Another interesting parameter estimated in our model is the relative risk of cardiovascular mortality in each county at each time step, λct. Examining the relative risk of cardiovascular mortality over the time period studied reveals some interesting patterns. All counties showed similar patterns, so we only present the results for Alamance County (Figure 2). The relative risk of cardiovascular mortality in each county follows a sinusoidal pattern that peaks when the seasonal cycle for PM2.5 is at its lowest point (as implied by the estimates of θ3 and θ4). The relative risk includes the influence of all of the confounding variables (maximum temperature, relative humidity, long-term cardiovascular mortality trend, and day of the week) in addition to the effect of PM2.5 exposure on cardiovascular mortality. Therefore, we conclude that overall cardiovascular mortality is significantly affected by numerous factors other than PM2.5; however, our analysis shows that PM2.5 exposure plays an important role in determining the relative risk of cardiovascular mortality.

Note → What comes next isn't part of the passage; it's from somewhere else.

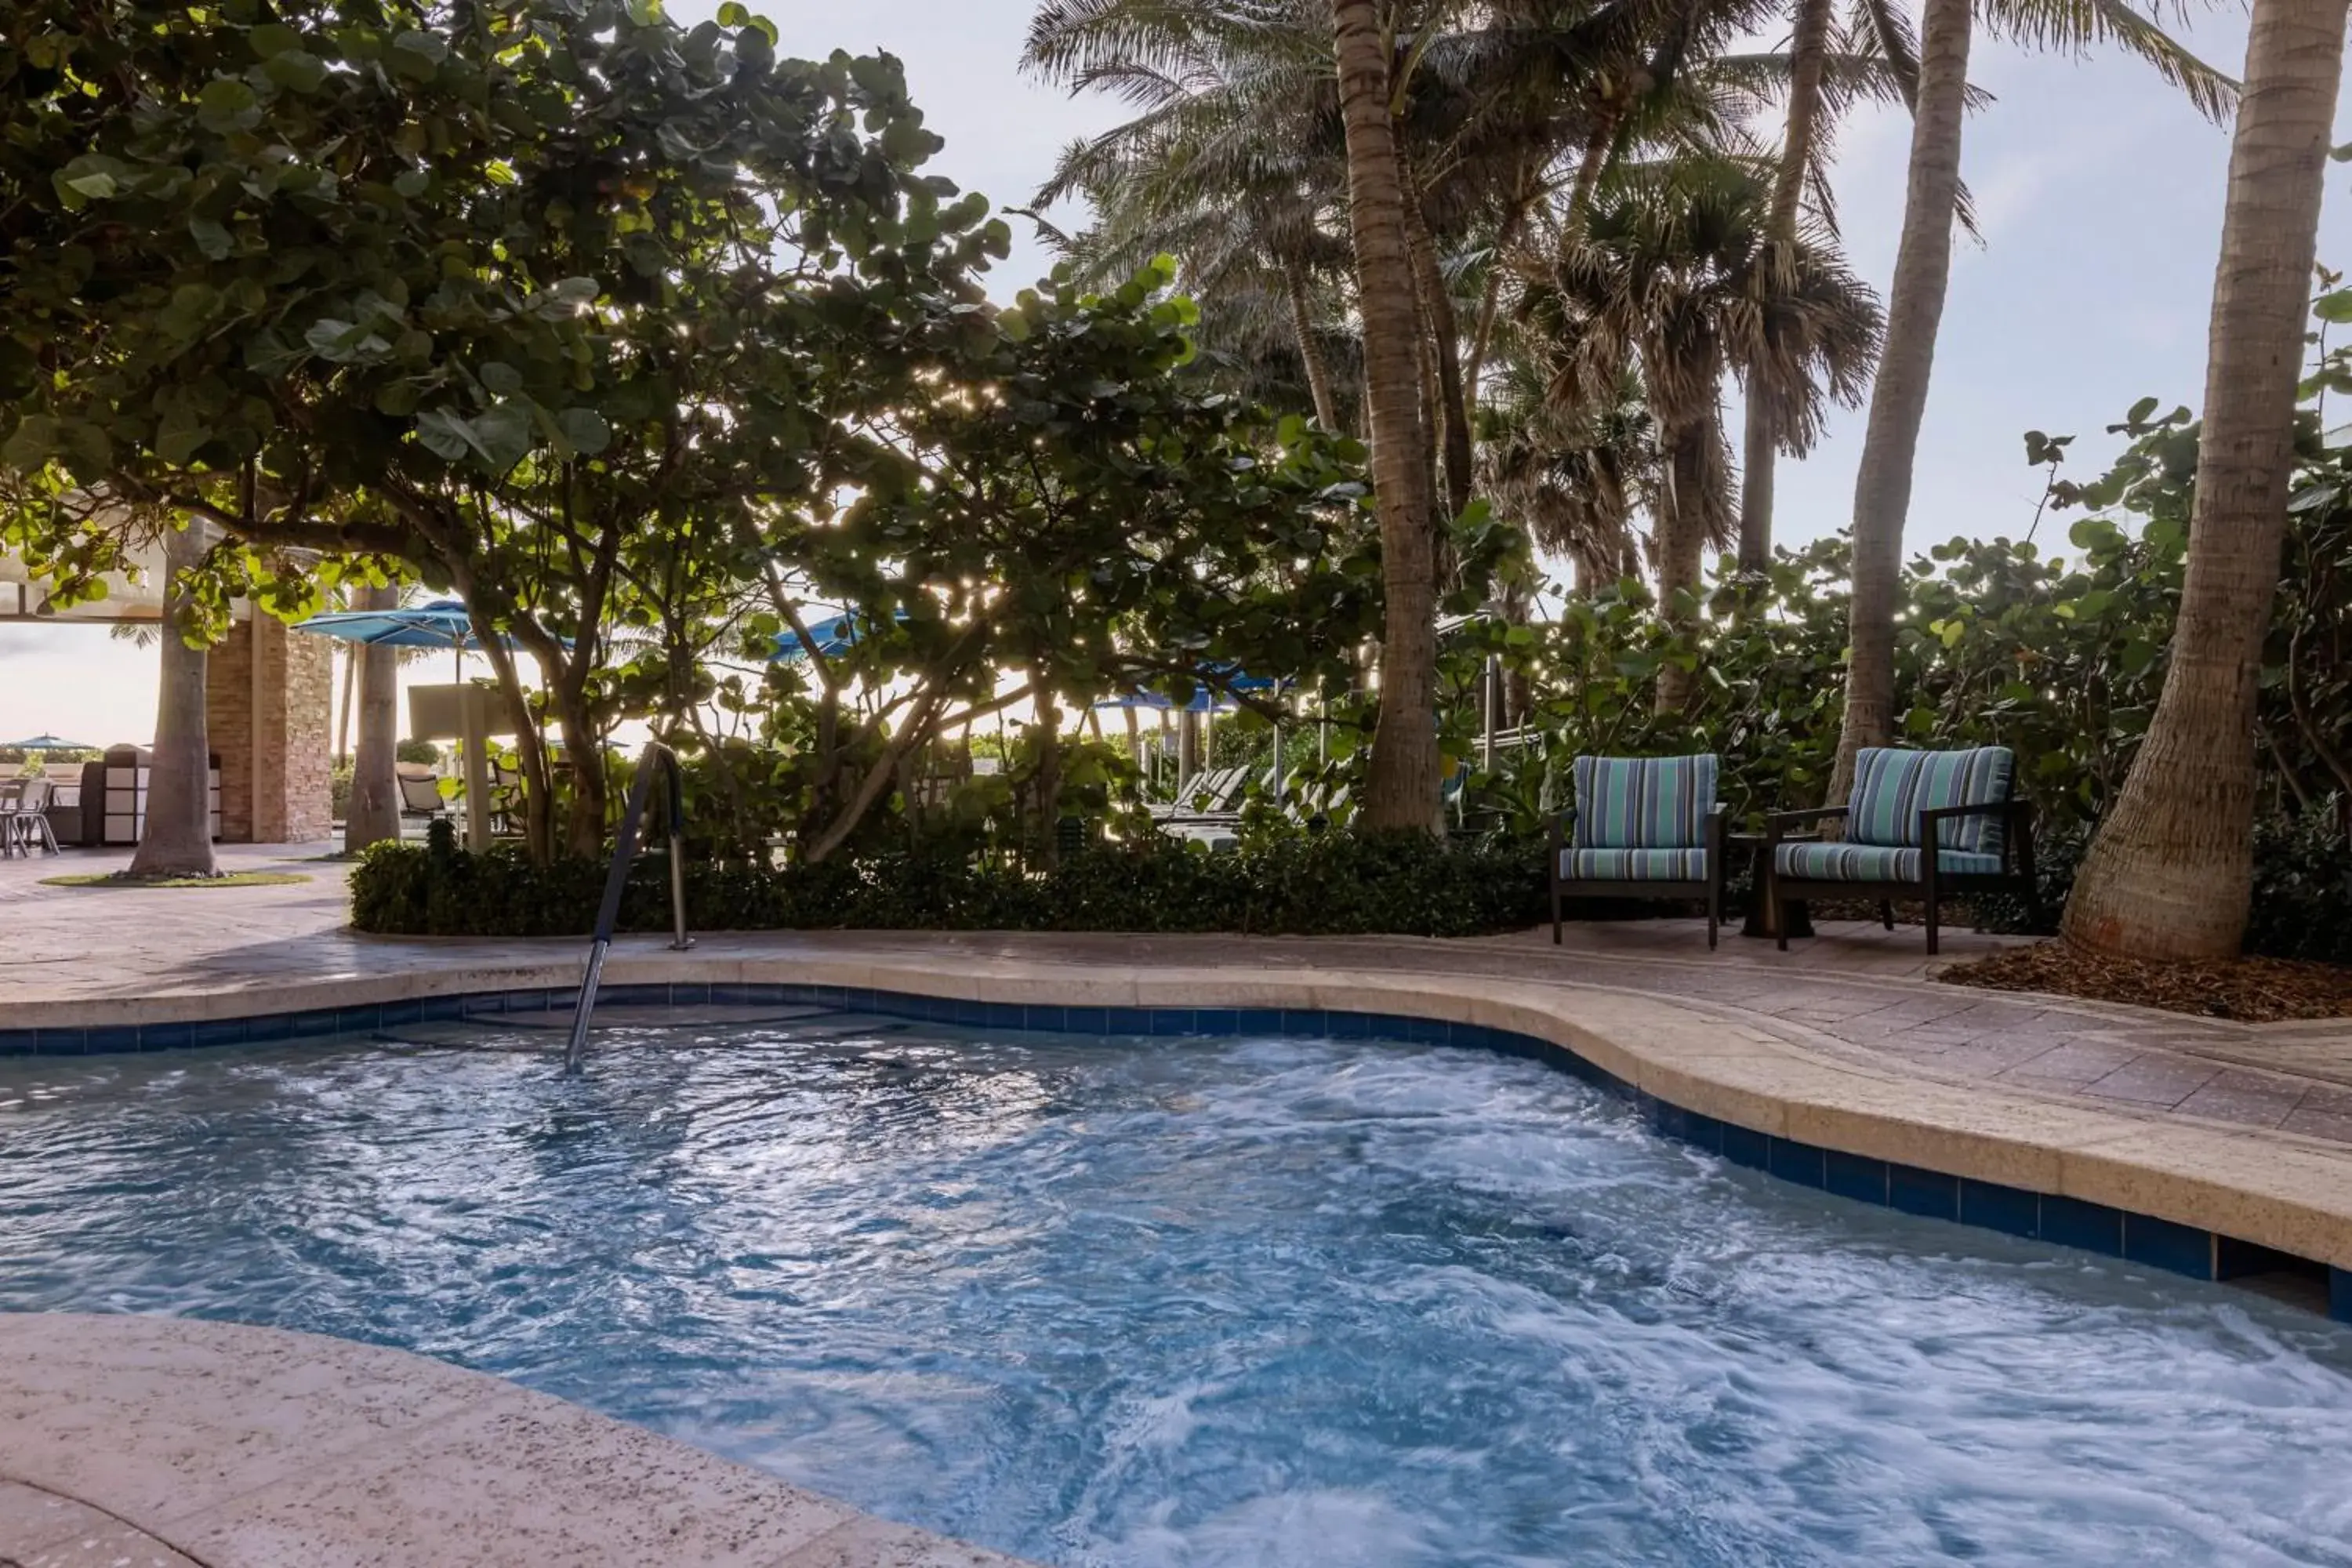 Swimming Pool in Marriott's Oceana Palms

Figure 2. Posterior means for relative risk of mortality in Alamance County over the period studied. Vertical bars indicate 1 January for each year in the analysis.

Figure 2

Model validation and comparison.

In order to assess whether our model gives reasonable results, we fitted different forms of the model and compared the results obtained in each case. We first considered the effect of eliminating both the spatial interpolation of ambient levels (level 1) and removing the exposure link (level 2 of our model). We call this alternate model 1. We can only fit this model in three of the seven original counties (Durham, Guilford, and Wake) because only these three counties contain at least one daily PM2.5 monitor. In each county, we first obtained a PM2.5 reading on each day by averaging the PM2.5 readings from all monitors that took readings on that day in the county. Prior distributions for all parameters that remain in the model (μ, β-parameters, and γ-parameters) are the same as in our full Bayesian model. We compared the results of this model with results obtained by fitting Poisson GAMs in each of the three counties individually.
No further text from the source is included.